Consider a simple example from the traditional cpu-centric configuration: A partitionable slot is configured with 8 cpus, and SlotWeight
is just its default Cpus
. Using this model, the allocation policy is: ‘each match must use >= 1 cpu”, and that other resource requests are assumed to be not limiting. The maximum number of matches is 8 jobs, each requesting 1 cpu. However, a job might also request 2 cpus. In this case, note that the cost of the match is 2, since the remaining slot has 6 slots, and so W(S’) now evaluates to 6. So, the cost of the match is how many fewer possible jobs the original slot can support after the match takes its requested resources.
This approach can be applied equally well to a memory-centric strategy, or a disk centric strategy, or a gpu-based strategy, or any combination simultaneously. All weights evaluate to a value with unit ‘jobs’. All match costs are differences between weights (before and after match), and so their values are also in units of ‘jobs’. Therefore, the semantics of the sum of weights over a pool is always well defined: it is a number of jobs, and spefically a measure of the maximum number of jobs that might match against all the slots in the pool. When a match acquires resources that reduce this maximum by more than 1 job, that is not in any way inconsistent. It means the job used resources that might have supported two or more ‘smaller’ jobs. This means that accounting group quotas (and submitter shares) also have a well defined unit and semantic, which is ‘how many (or what fraction of) the maximum possible jobs is this group guaranteed by my accounting policy’

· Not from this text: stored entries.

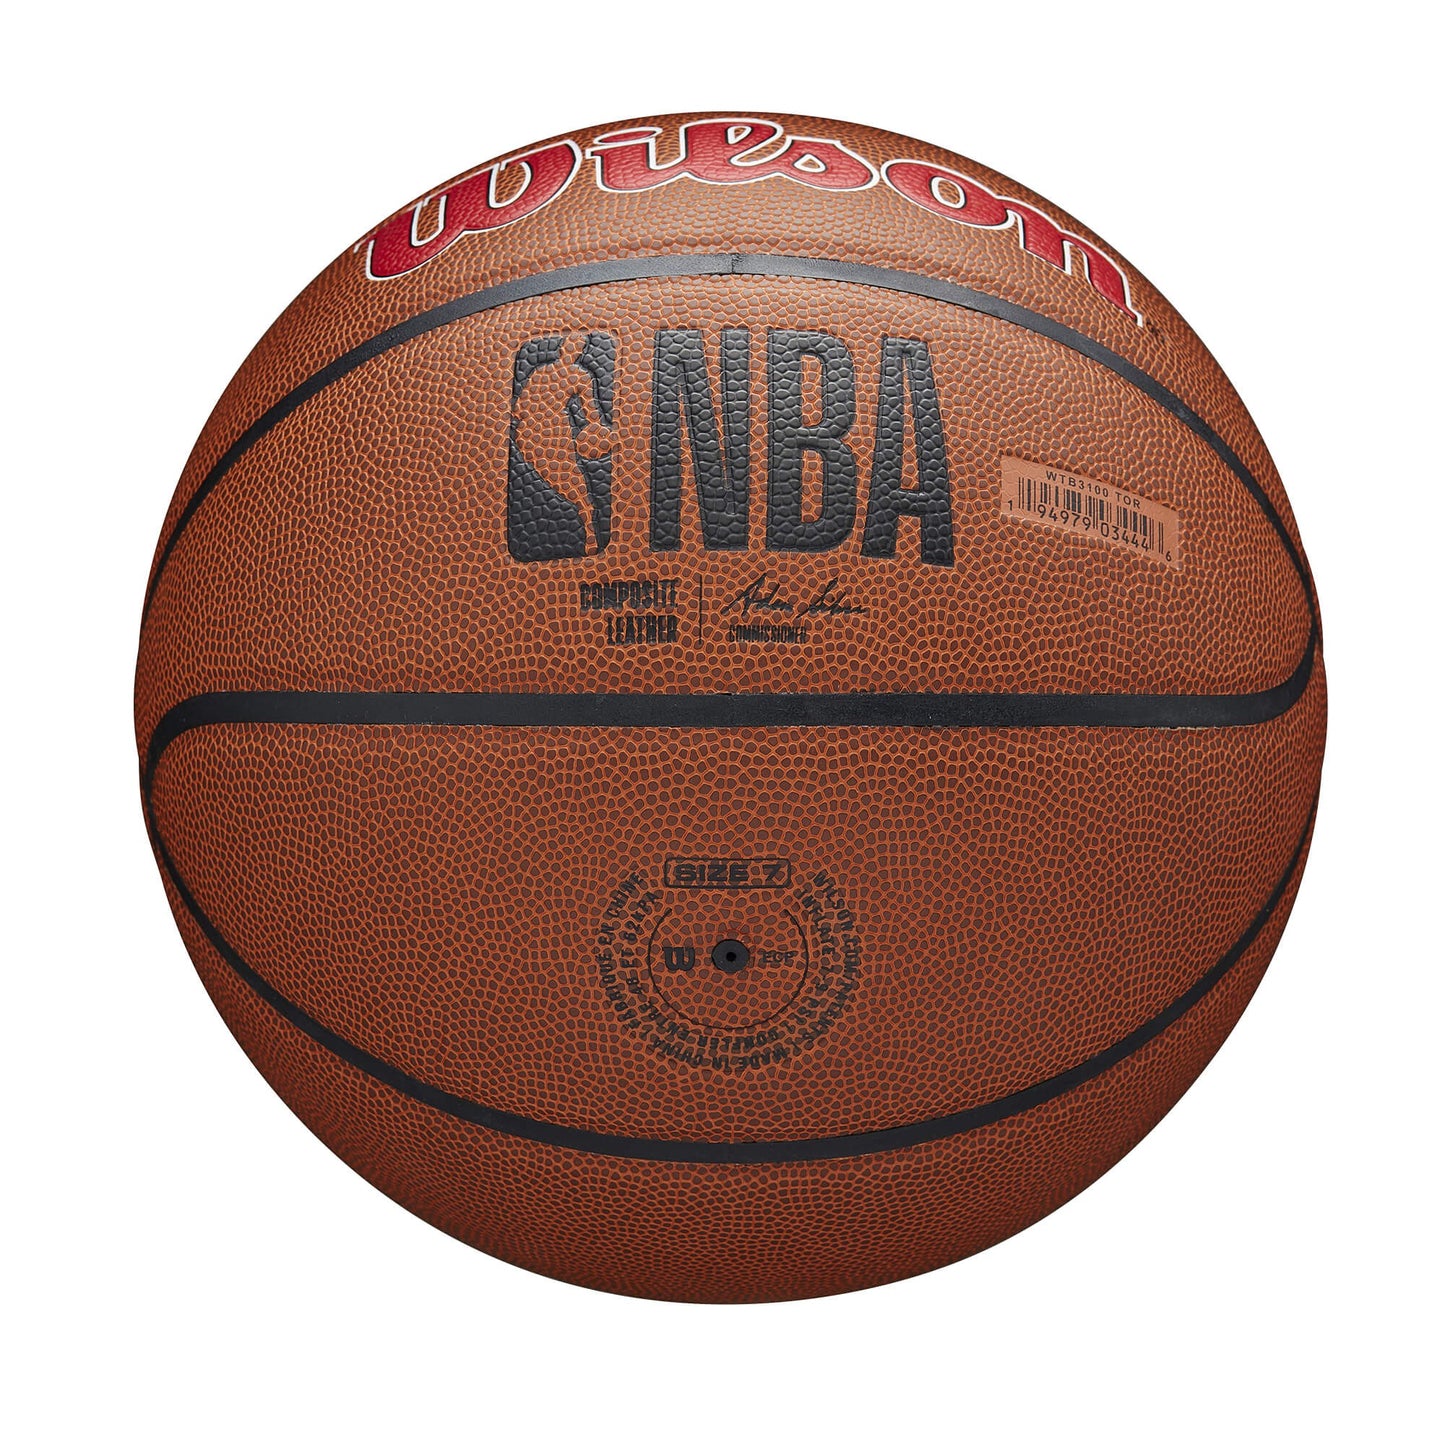 Wilson NBA Team Alliance Composite Basketball Toronto Raptors (sz. 7)
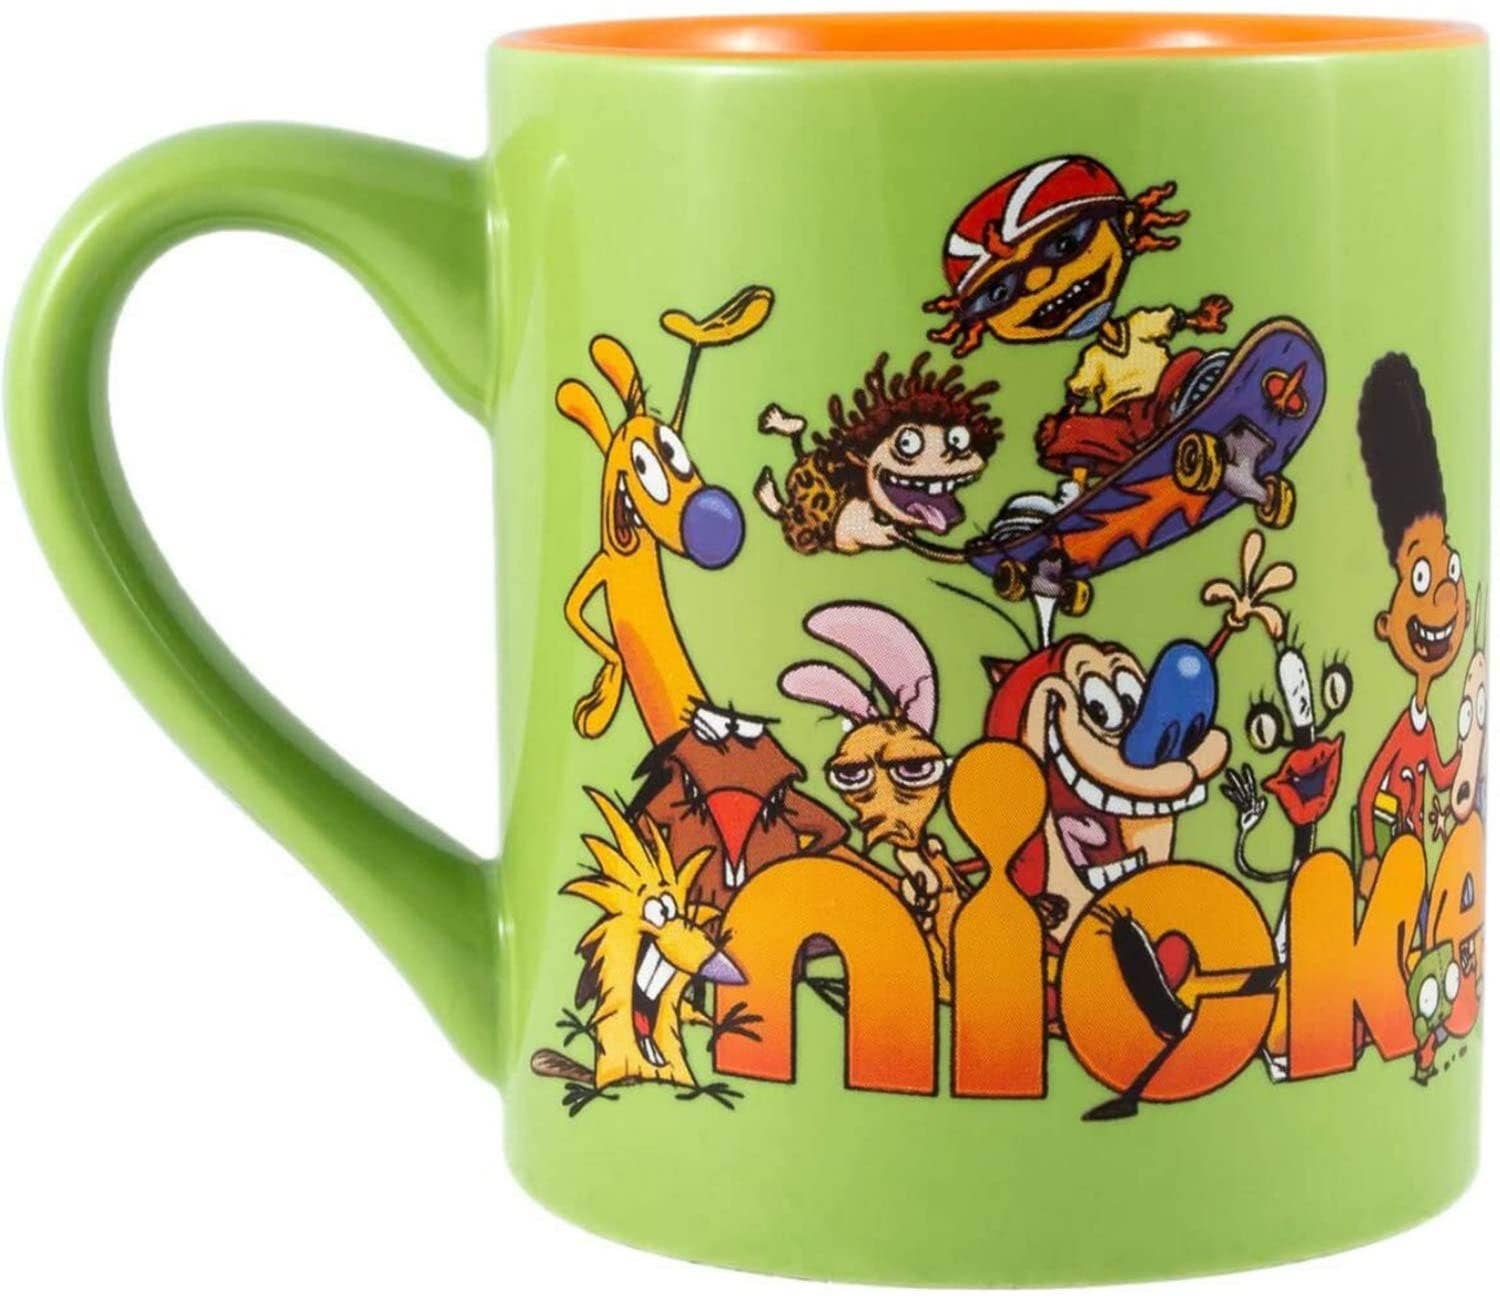 Nickelodeon 90s Logo and Characters 11oz Ceramic Mug
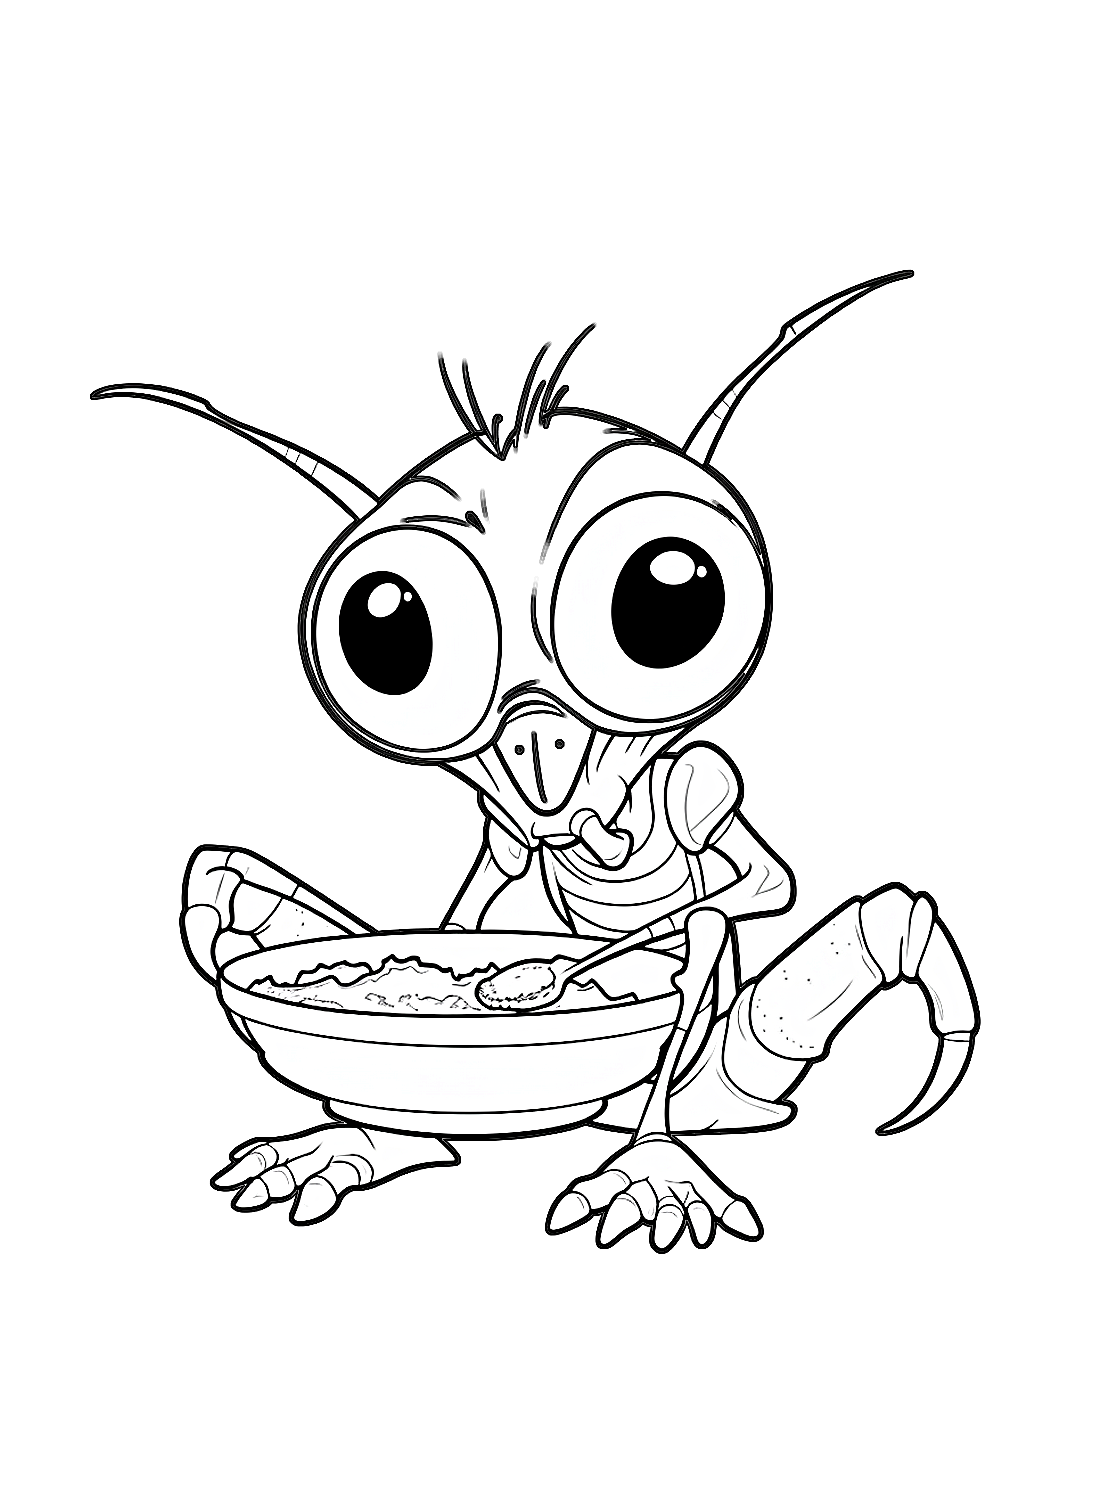 Een kakkerlak eet de soep van Kakkerlak

One implication of this proposed semantic for quotas and weights is that the measure for the maximum number of jobs that may match against any given slot must be some finite number. It implies that all resource dimensions are quantized in some way by the allocation policy. This scheme would not support a real-valued resource dimension that had no minimum quantization. I do not think that this is a very heavy-weight requirement, and in fact we have already been moving in that direction with features such as MODIFY_REQUEST_EXPRS_xxx.
When a slot’s resource allocation policy is defined over all its resources, what bounds this measure of maximum possible matches? In a case where each job match must use at least one non-zero quantum of each resource dimension, then the limit is the resource with the mimimum quantized levels. In a case where jobs may request a zero amount of resources, then the limit is the resource with the maximum quantized levels. (note, it is required that each match use at least one quantum of at least one resource, otherwise the maximum is not properly bounded).